Om 8u werden we aan de ingang van het kampeerterrein door een bus opgehaald voor een bezoek aan de Pearlfarm van Willie Creek. De chauffeur, Jenny, was gelijk ook de gids voor het grootste deel van de dag. Ze was een vrolijke spraakwaterval die bijna de hele busrit van 38 km aan het woord was. Ze begon met de opmerking dat de weg naar Willie Creek afgesloten was en dat de tocht nu naar Derby ging (220 km verder) "hebben ze jullie daar niets van gezegd? ...grapje!" zodat de stemming er gelijk inzat. Uiteindelijk werden in totaal een 30 toeristen opgehaald en ging het richting Willie Creek.

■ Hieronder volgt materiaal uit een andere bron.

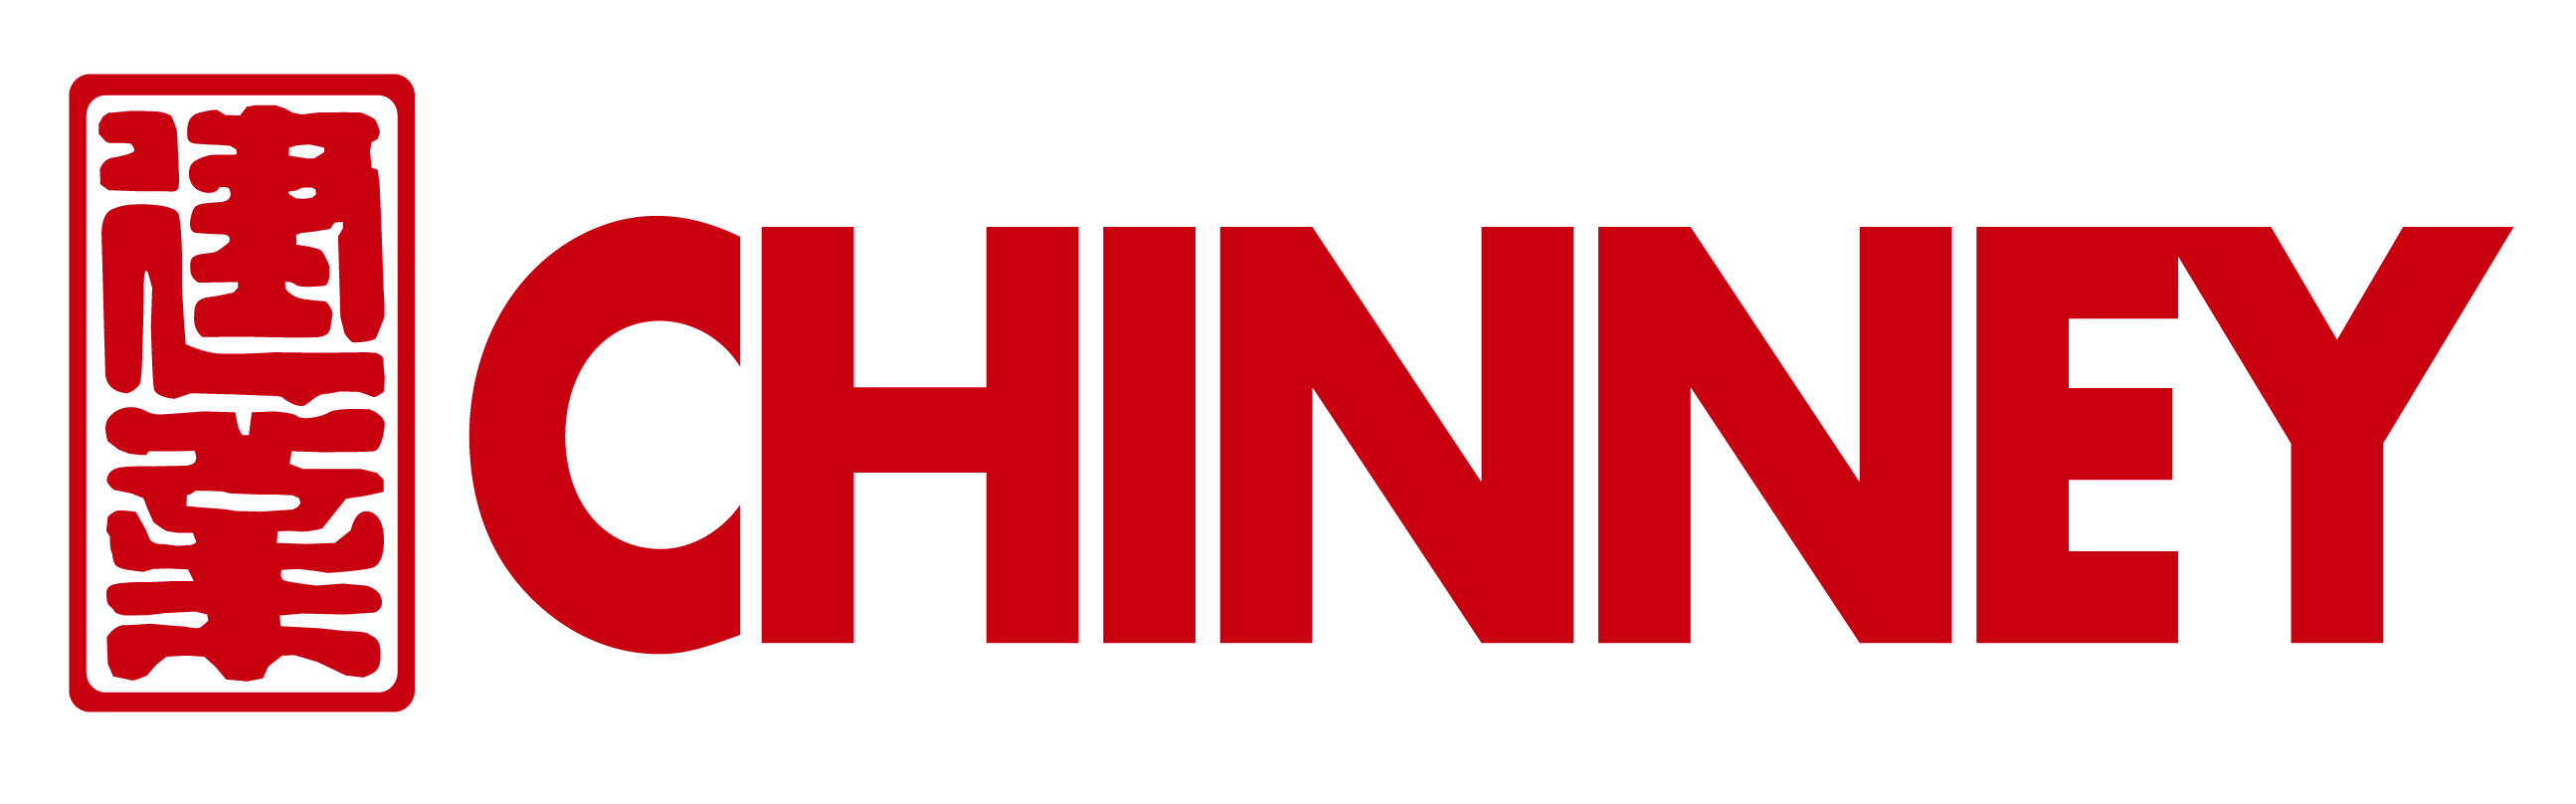 Chinney Construction Co. Ltd. 建業建築有限公司

Het eerste deel was de weg verhard, maar het grootste deel bleek een onverharde weg die in niet al te goede staat was. Jenny scheurde er met de bus overheen of het een lieve lust was en bleef grotendeels uitleg geven. De weg (die men trouwens met bulldozers aan het effenen was) was voor een groot deel uitgehold zodat de bus vervaarlijk naar een kant overhelde.

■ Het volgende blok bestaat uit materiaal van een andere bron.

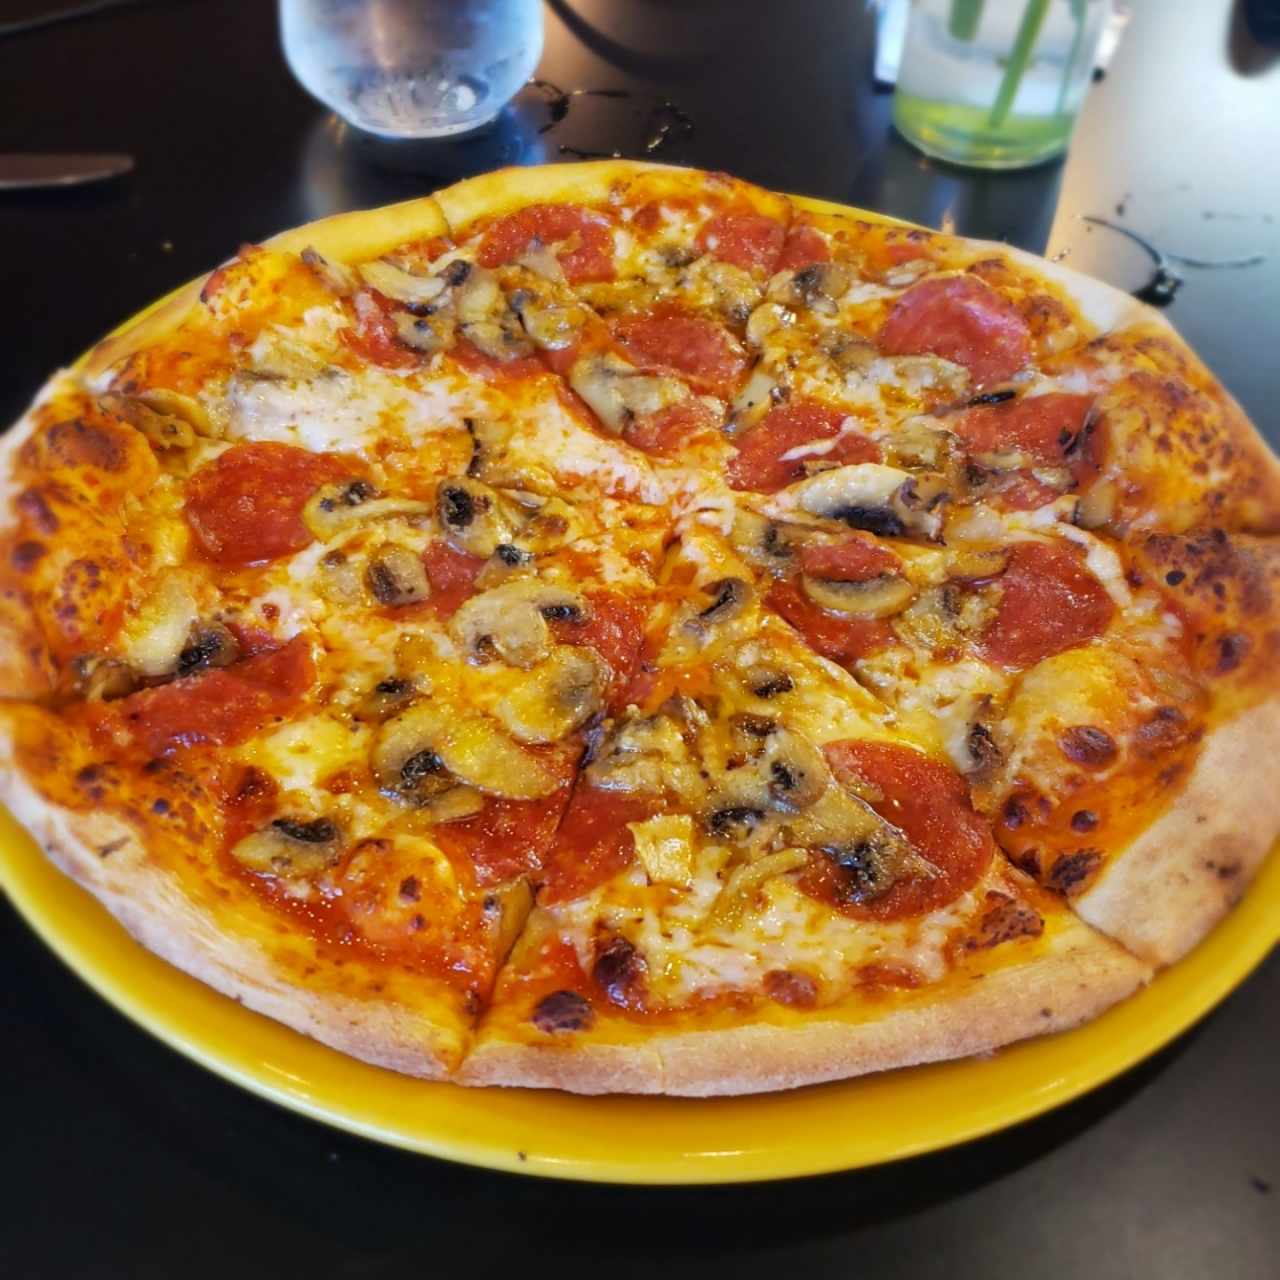 Pizzas - Champiñones al ajillo, extra de peperoni

De ‘farm’ bleek op zo'n afgelegen plaats te liggen omdat de getijdenstromingen daar erg beperkt waren wat het werken er vergemakkelijkte en veiliger maakte.
De naam Willie Creek bleek afkomstig van een speciale boom die daar voorkwam. In Geikie Gorge had de ranger ook al over deze boom verteld, zonder de naam te noemen. Aboriginals gebruikten de schors van deze boom om in stilstaand water te vissen: wat schors in het water verlamt de vissen die boven komen drijven. Je selecteer wat je hebben wil. Daarna het schors weghalen en de rest van de vissen kan weer wegzwemmen!
De tour bestond uit 5 delen: het vervoer met toeristische informatie onderweg door Jenny, uitleg over de werking van een moderne parelkwekerij door Brad, pauze met versnaperingen, boottocht langs enkele kweekplaatsen in de Creek en ten slotte bezoek aan de toon- en verkoopzaal.
Alles zat goed in elkaar en de informatie was heel degelijk, alleen sprak Brad zo snel dat het voor de niet-Engelstaligen soms niet te volgen was. Toen hem gevraagd werd het wat kalmer aan te doen, zei hij dat hij het wilde proberen maar dat hij zoveel te zeggen had... en na twee minuten ratelde hij weer als een waterval met een typisch Australisch accent. Dit was het enige minpuntje aan de tour. Toen we dat aan Jenny meldden, verontschuldigde ze zich uitgebreid en kon ons wel de hele tekst van Brad in het Nederlands geven.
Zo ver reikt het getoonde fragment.